The role of exposed silver in CO oxidation over MgO(0 0 1)/Ag(0 0 1) thin films

• The catalytic activity of ultrathin and thick MgO(0 0 1)/Ag(0 0 1) thin films has been examined.
• Ultrathin MgO(0 0 1)/Ag(0 0 1) films are more reactive than thick films, but less reactive than Ag(0 0 1).
• Ag remains exposed on the surface for MgO film thicknesses of at least 10 monolayers.
• Ultrathin films are highly reactive and susceptible to surface poisoning by carbonate formation.

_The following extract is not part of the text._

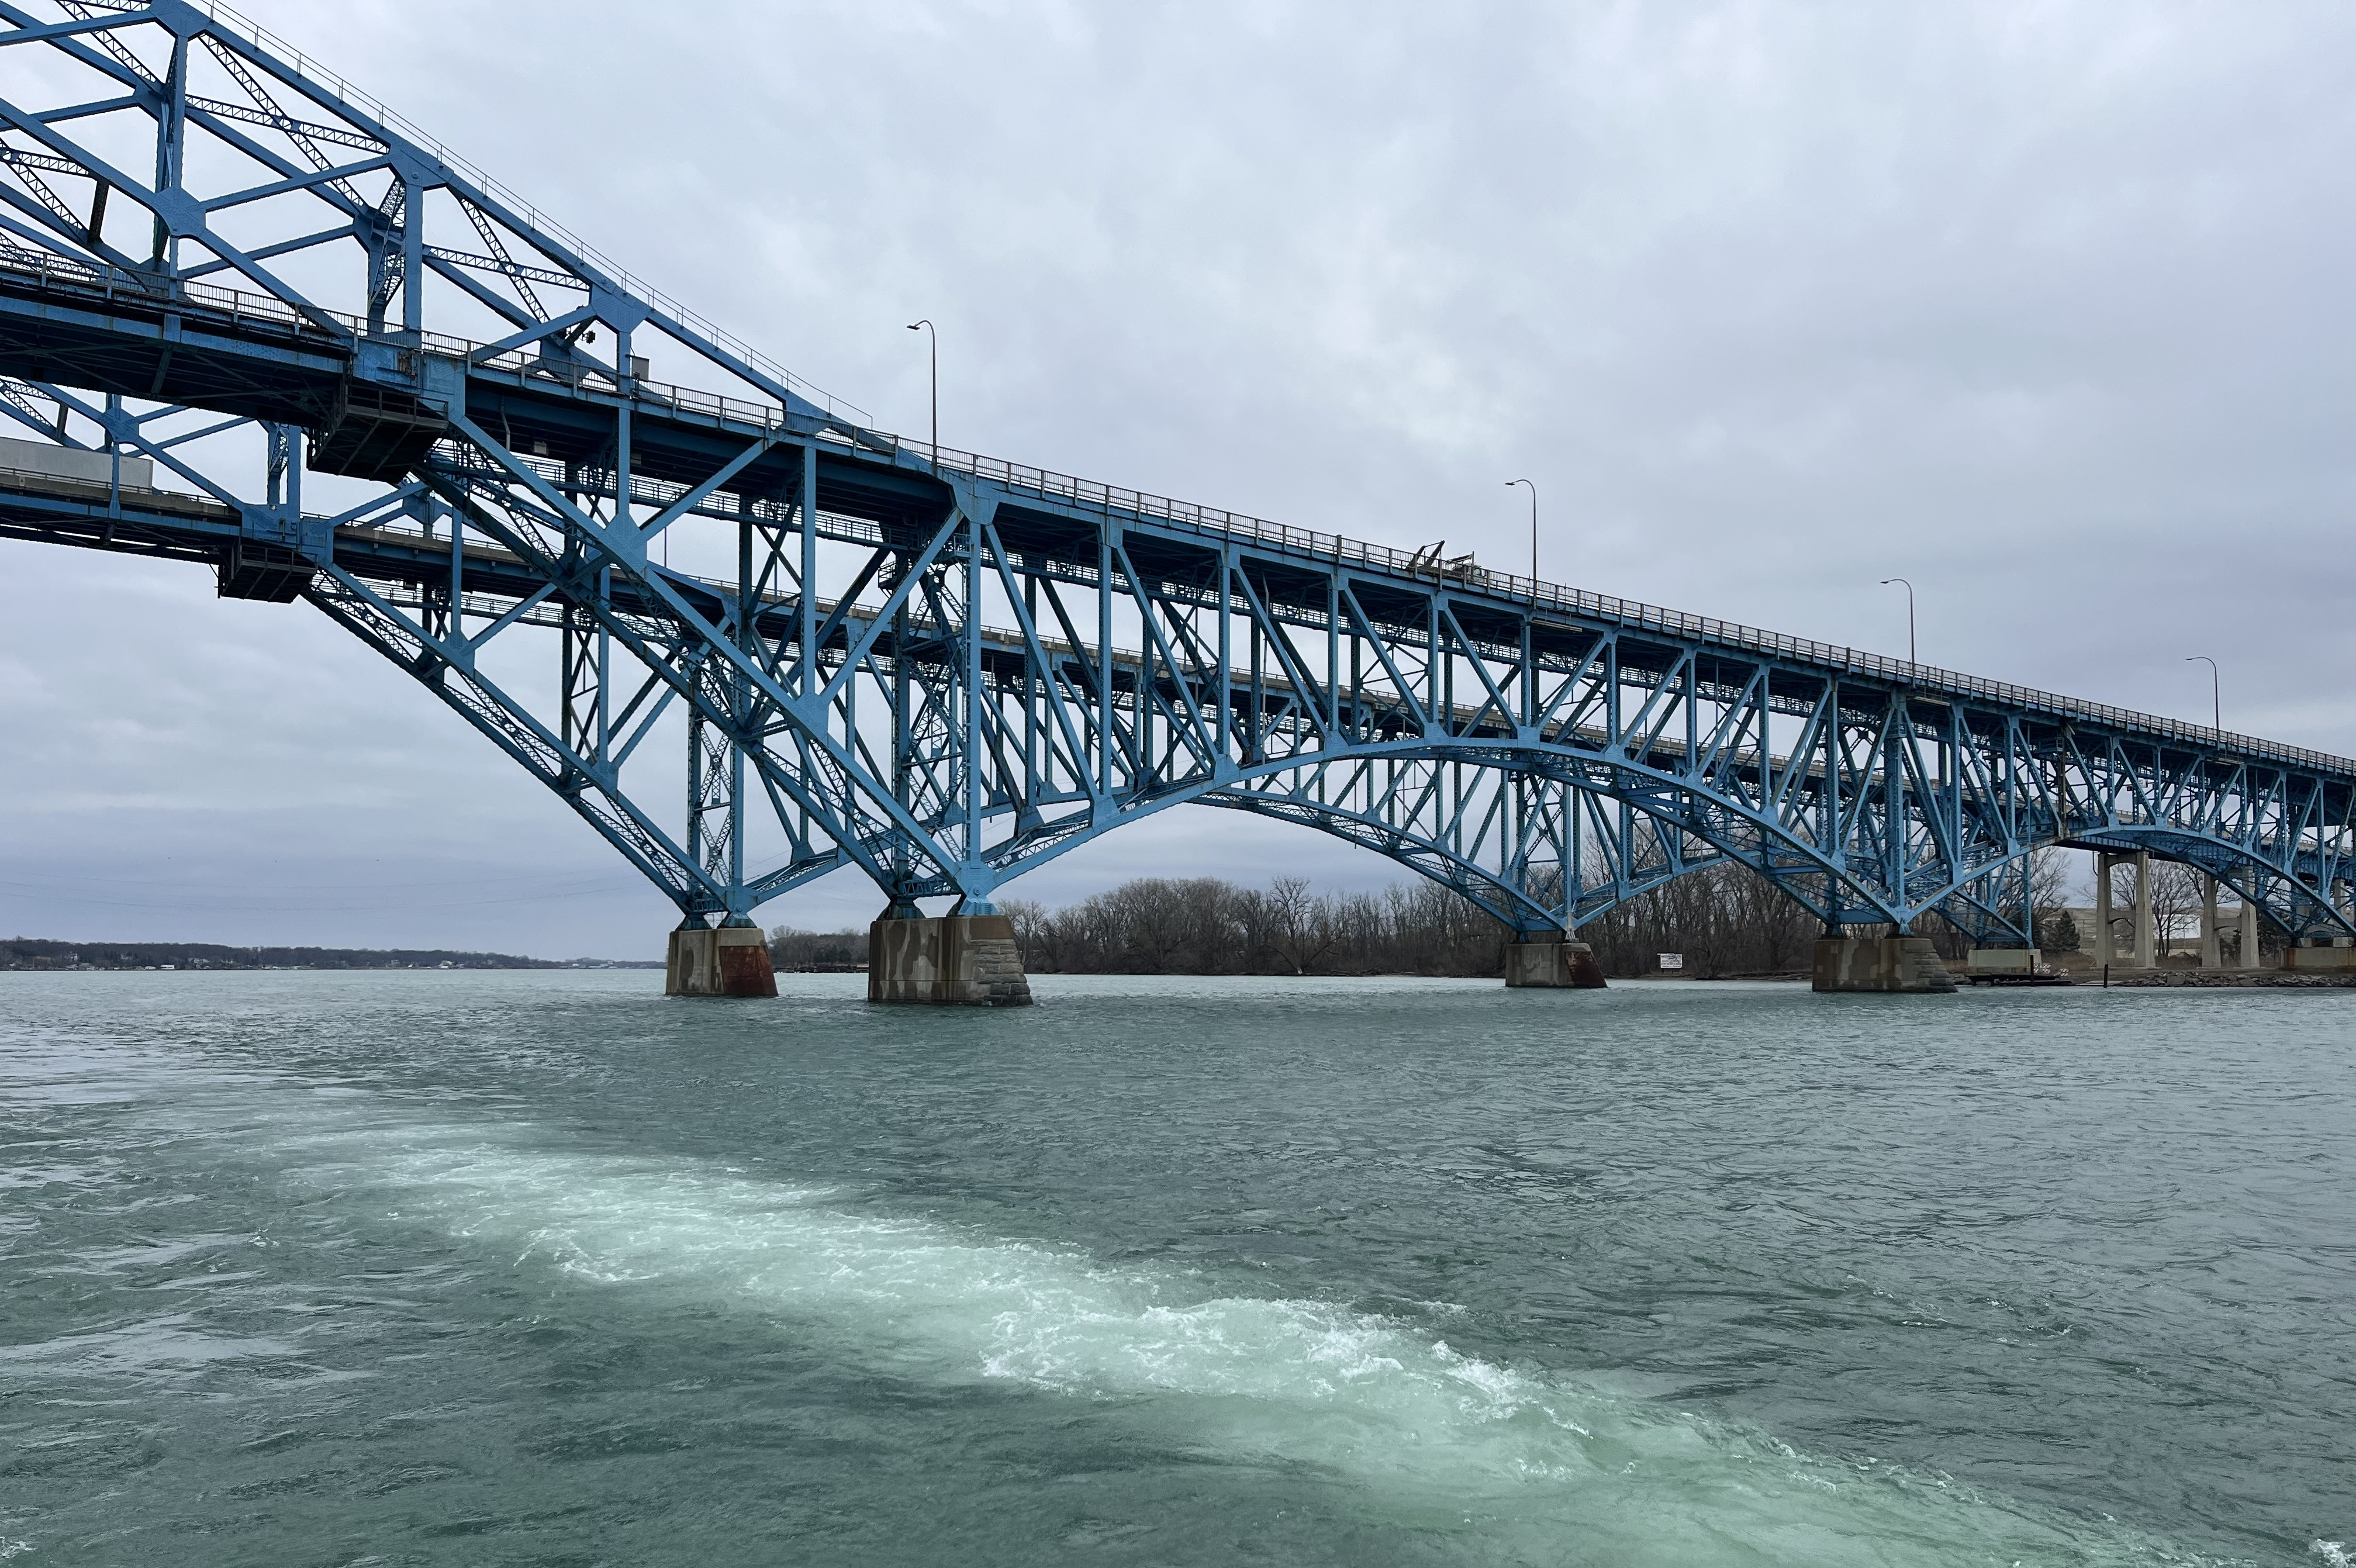 President of CRED4GI (Coalition for Responsible Economic Development for Grand Island) CJ Rayhill speaks on the Grand Island bridges and their conditions going forward

The reactivity of MgO(0 0 1) films deposited on Ag(0 0 1) and Mo(0 0 1) in CO oxidation as a function of oxide film thickness was investigated experimentally at ambient pressure reaction conditions. MgO films grown on Mo(0 0 1) were found to be inactive in CO oxidation, whereas activity enhancement with decreasing oxide film thickness was observed for MgO(0 0 1)/Ag(0 0 1). In situ infrared and post-reaction X-ray photoemission data showed that ultra-thin MgO films interact much more strongly with the reactants and residual water than bulk-like MgO. Poisoning of the MgO surfaces by the resultant accumulation of carbonate and hydroxyl species is suggested to inhibit the reactivity in CO oxidation. Detailed investigations of the surface structure of MgO(0 0 1)/Ag(0 0 1) films indicate that silver ad-islands on Ag(0 0 1), which are formed during MgO growth, are responsible for the enhancement of CO oxidation activity over ultrathin MgO(0 0 1)/Ag(0 0 1) films.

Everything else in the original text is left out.